Post #9: The World’s Greatest Party
I’m talking about Carnaval, of course. The official day falls right before Ash Wednesday, but the revelry starts a week earlier, with each new day upping the ante.
To mark the official start of my personal Carnaval season, my friend Ya Ya made me a caipirinha with cachaça rum, limes, and acerolas from her garden. It wasn’t quite noon yet, and I only drink before noon during long layovers at airports, but hey, this was Carnaval. Que comecem os trabalhos, as people say around here. Let the work begin.
Take your pick: desfiles (parades), samba school competitions, masked balls, special events such as “drink and draw” parties, and street food at every corner. Unless you spend all week in a cave, you’ll see beer cans piling up on sidewalks, joints being passed around under palm trees, and men relieving themselves in parking lots.
If you think this sounds a little de trop, you’re not alone. Several Brazilians have told they hate the debauchery of Carnaval, an admission sometimes preceded by an embarrassed “I know this may sound very un-Brazilian, but…” One man told me he viewed Carnaval as a ruse to distract people from the serious problems facing Brazil. Instead of fighting for a better country, he said, people spent weeks or months practicing their Carnaval dance moves and planning their costumes, with hardly a pause to take their heads out of the sand.

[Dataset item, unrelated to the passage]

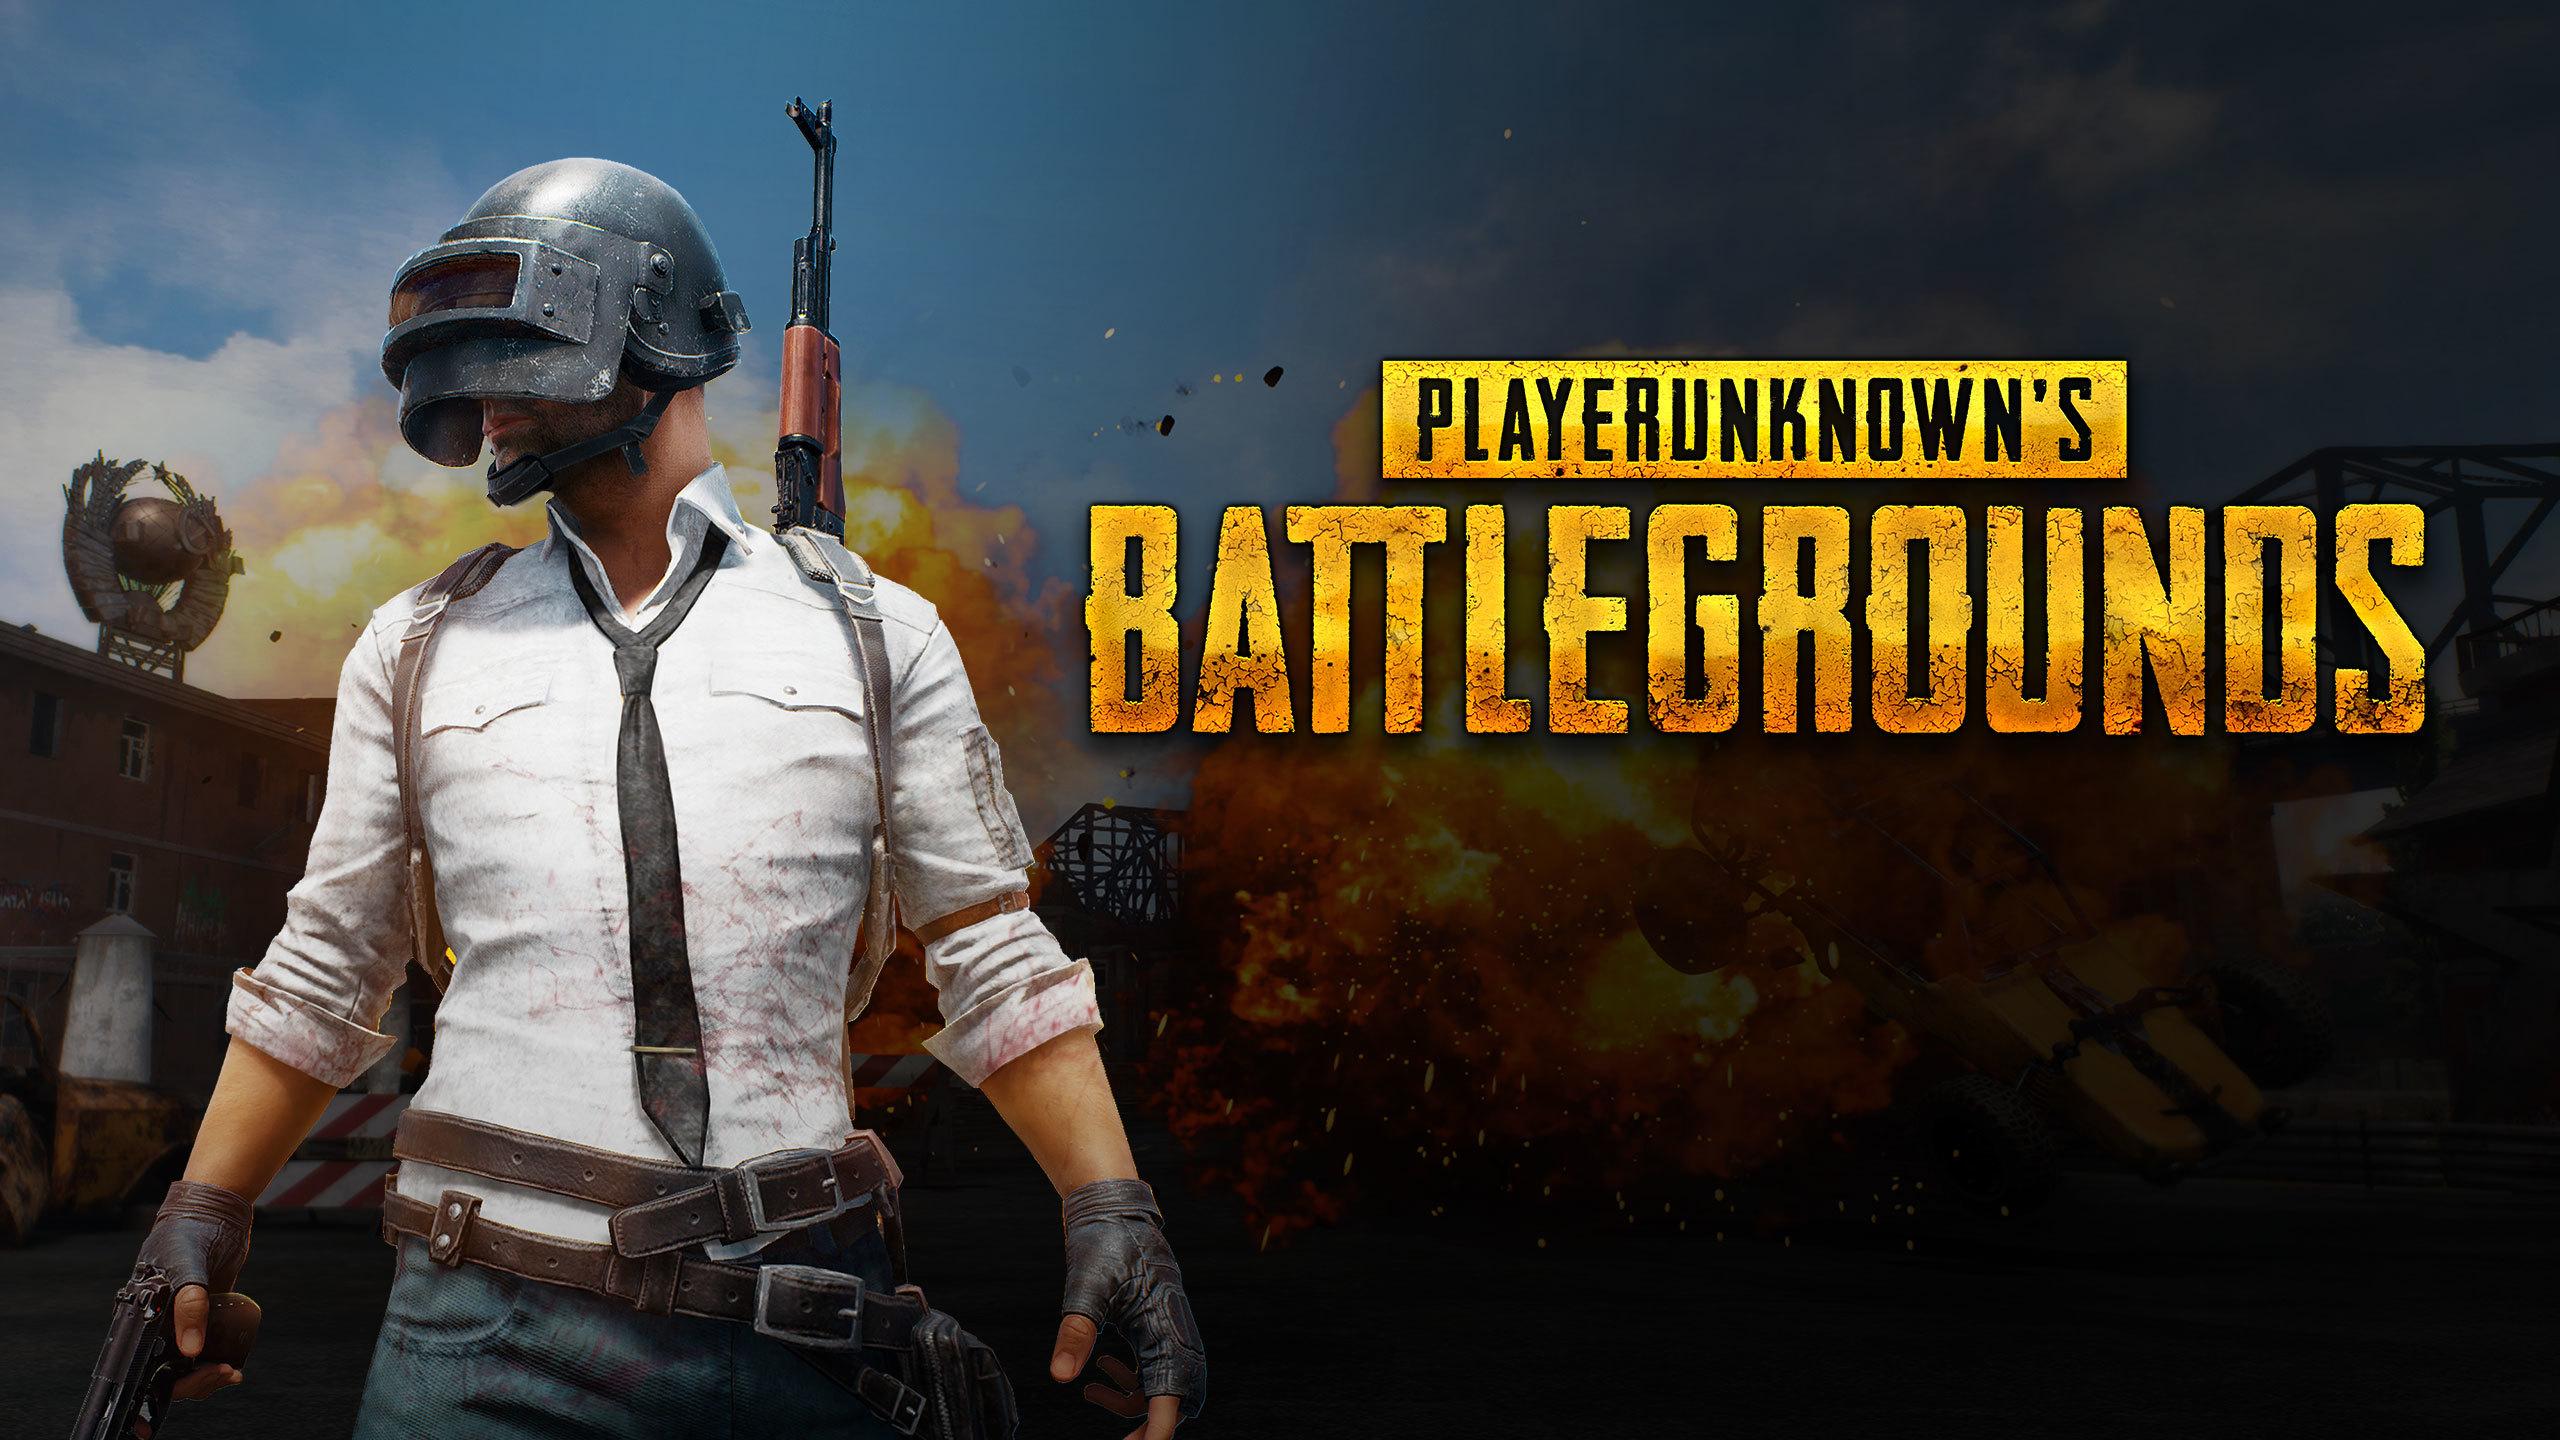 Playerunknown S Battlegrounds Game: PLAYERUNKNOWN'S BATTLEGROUNDS On Steam

No doubt he had a point, but the energy in the air was hard to resist. Most nights I headed down to Praça da Lagoa, the main square in my part of town. On a tarpaulin-covered stage, rock and samba groups banged away and people massed around them, singing and dancing and waving their raised arms like windshield wipers.
I’m not a huge fan of crowds, but I wasn’t going to miss the bloco dos sujos (block of dirties), a traditional Floripa street party where men dress like women, women dress like men, and “Carnaval rock” music (apparently a genre) blares from all sides. From my perch on the steps of a cathedral, I watched the pom-pommed breasts and shimmering tutus and dyed-popcorn booths lose their sharp edges and become pure colour.
But all is not well in Carnaval land: the bane of cultural appropriation has come to town. A sententious video I found on YouTube exhorted people to avoid cross-gender, indigenous, gypsy, Afro-Brazilian, and “sexy nurse” costumes unless they belonged to those groups. (Which begs the question: how do you determine if you’re a sexy nurse?) When a famous Brazilian actress, Paolla Oliveira, appeared at a Carnaval ball in full Indian regalia, she faced a barrage of cyber-tomatoes. As someone who lands squarely on the “cultural appreciation” side of the debate—and who loved Oliveira in the soap opera O Profeta—I found this more than a little disconcerting.
Fortunately, most revelers in my midst did not let political correctness trump good old-fashioned fun. On the final evening in the praça, men jiggled their falsies, sexy nurses let their real (and likely enhanced) wares hang out, and Afro-Brazilian bangles swung proudly from ears, necks and wrists of all colours.
Before heading home I rode my bicycle along a few side streets, where I passed by a string of men doing their business in bushes. Long live Carnaval.